Embedding Model Evaluation¶
The Claude Code plugin ships with ONNX bge-m3 int8 as the default embedding model. This page documents the benchmark we ran to pick it — which models we tested, what dataset we used, and why this one won.
If you just want the answer: on our real-world memory-retrieval benchmark (955 chunks / 2172 bilingual queries), gpahal/bge-m3-onnx-int8 lost only ~1% recall to the full-precision PyTorch model while cutting the on-disk model size from 2.2 GB to 558 MB and dropping the torch dependency entirely. It also outperforms OpenAI text-embedding-3-small on Chinese retrieval (Recall@5 0.776 vs 0.717), so we can ship a zero-config default that is better than the old API-key default on real user data.
Goal¶
Pick a default embedding model for the memsearch Claude Code plugin that is:
- Good at bilingual retrieval — memsearch users write memory in both Chinese and English; a model that crashes on one language is unusable.

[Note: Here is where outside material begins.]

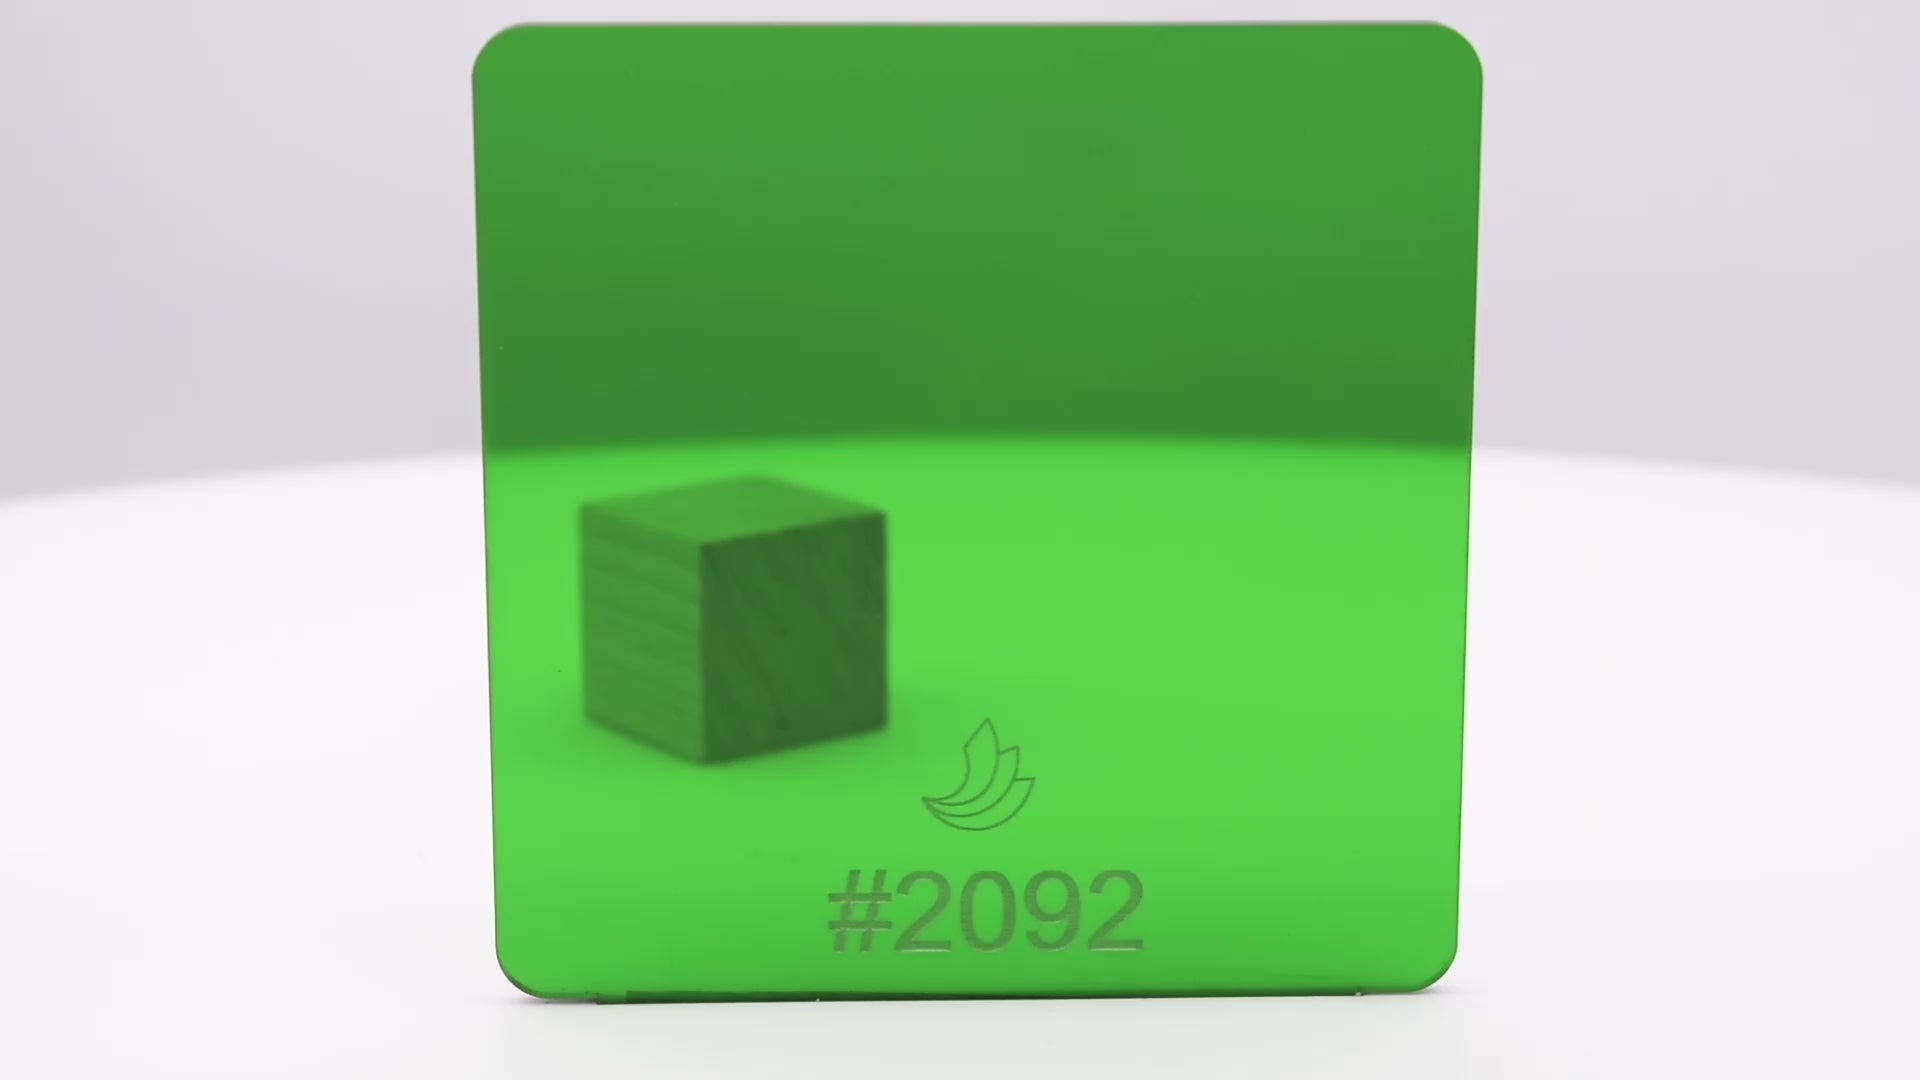 1/8" Green Transparent #2092 Acrylic Sheet

- Local and zero-config — no API key, no GPU requirement, no
torchinstall. - Small enough to auto-download on first use without scaring users.
- Cheap on a loaded CPU — embedding happens on every file write via the watcher.
Dataset¶
We built the evaluation set from real memsearch memory logs (.memsearch/memory/*.md) collected across 12 projects, so the domain matches what users actually index.
- Collect — Scan markdown memory files, chunk by heading using memsearch's
chunk_markdown(). - Clean — Remove HTML comments, drop short chunks (<50 chars), sanitize sensitive data (paths, IPs, tokens).
- Annotate with
gpt-4o-mini:- Simple (1 per chunk) — straightforward factual questions.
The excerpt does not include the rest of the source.